I Love Lucy was a rerun staple in my childhood TV watching days, and without over analyzing it, it had to be the sheer energy of Lucille Ball, and her pranks– the loudness and use of high and low audio in this show emphasized the atmosphere so much, that you felt like you were inside the apartment (or down at the Tropicana Club).

It would be the role Lucy would be almost forever cast in, although she certainly did more than I Love Lucy. From IMBd I learn she and Desi Arnaz were innovators behind the scene, creating the standard 3 camera set up used on most sitcoms and developing the concept of syndication for TV. She was also the first woman to be the head of a film studio (Desilu Productions).

Lucy was a character for sure, few things can match the slapstick of the Chocolate factory scene

I cannot help but wonder how much of that was improv?

I loved Lucy!

Marc as SPAM

Saturday, June 23rd, 2012

The Assignment: Looking through the great list of ds106 audio assignments, I was drawn to Taking Back Spam. We are supposed to read a piece of spam aloud either trying to make sense of it or rendering it even more absurd with the one caveat that we own it.

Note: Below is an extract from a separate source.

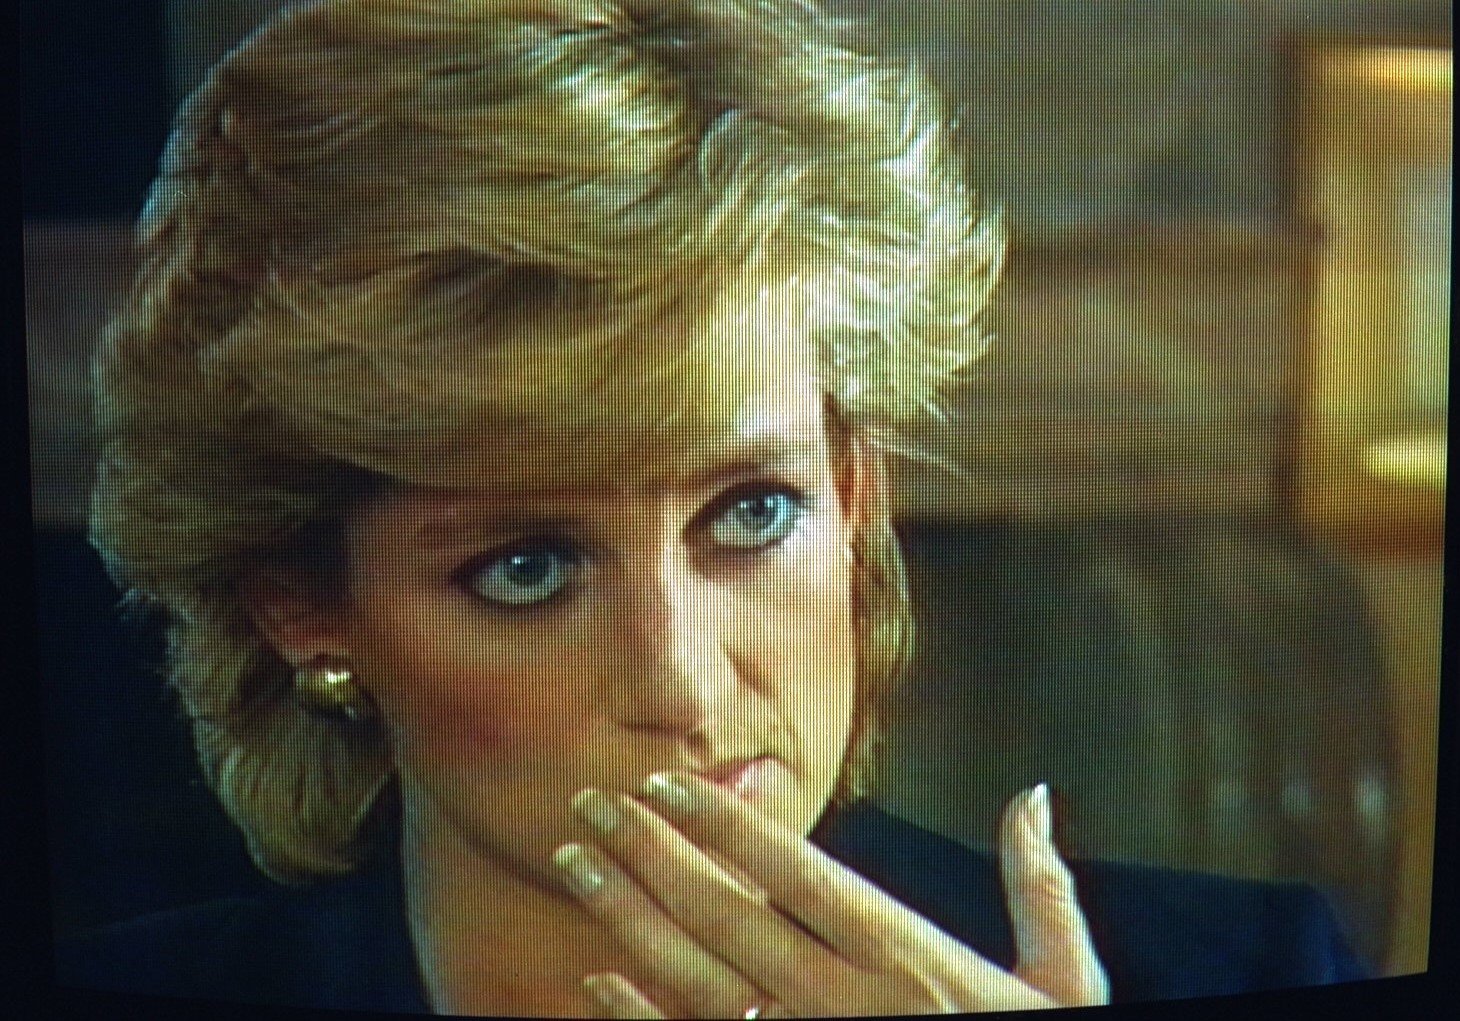 Shot of Princess Diana during 'Panorama' interview

The Process: The piece of spam I selected was from left as a reply to a comment by Alan on my Flippin’ Out post from last month. The spam comment, quoted in full below, was striking in that it includes ideas and names of people that are related to the sort of stuff that Alan writes about and the EdTEch scene in which he operates. Doing this assignment has led me to wonder how and why such spam is generated and what the creators hope to accomplish in spreading it. The entire comment, with spruced up syntax and grammar, appears after the jump:

It’s not that open education must be free – it ought to be just open.The Open Course that Alec teaches is not free – students at Regina University pay tuition that supports the institution, helps pay Alec’s salary, heat the buildings etc. They are paying for that sanctioned education that you describe. They are paying for a proximity to Alec that we dont get as the openly participating audience. But he teaches his course openly, so others can not only learn but also contribute to his paying student’s learning experience.I think David Wiley has written well about this; its not quite binary- open versus closed – its a spectrum of practice.

After I cleaned up the text a bit in FocusWriter, I read it aloud into the SoundCloud app on my iPhone and then uploaded it to SoundCloud. Though I’m told from time to time that my voice has a distinctive timbre, I lack the skill or confidence to speak as a character or imitate other voices. I did give it a try in this reading though I don’t think my Welsh accent is very authentic. I was trying for an over-the-top Burtonian vibe in this assignment.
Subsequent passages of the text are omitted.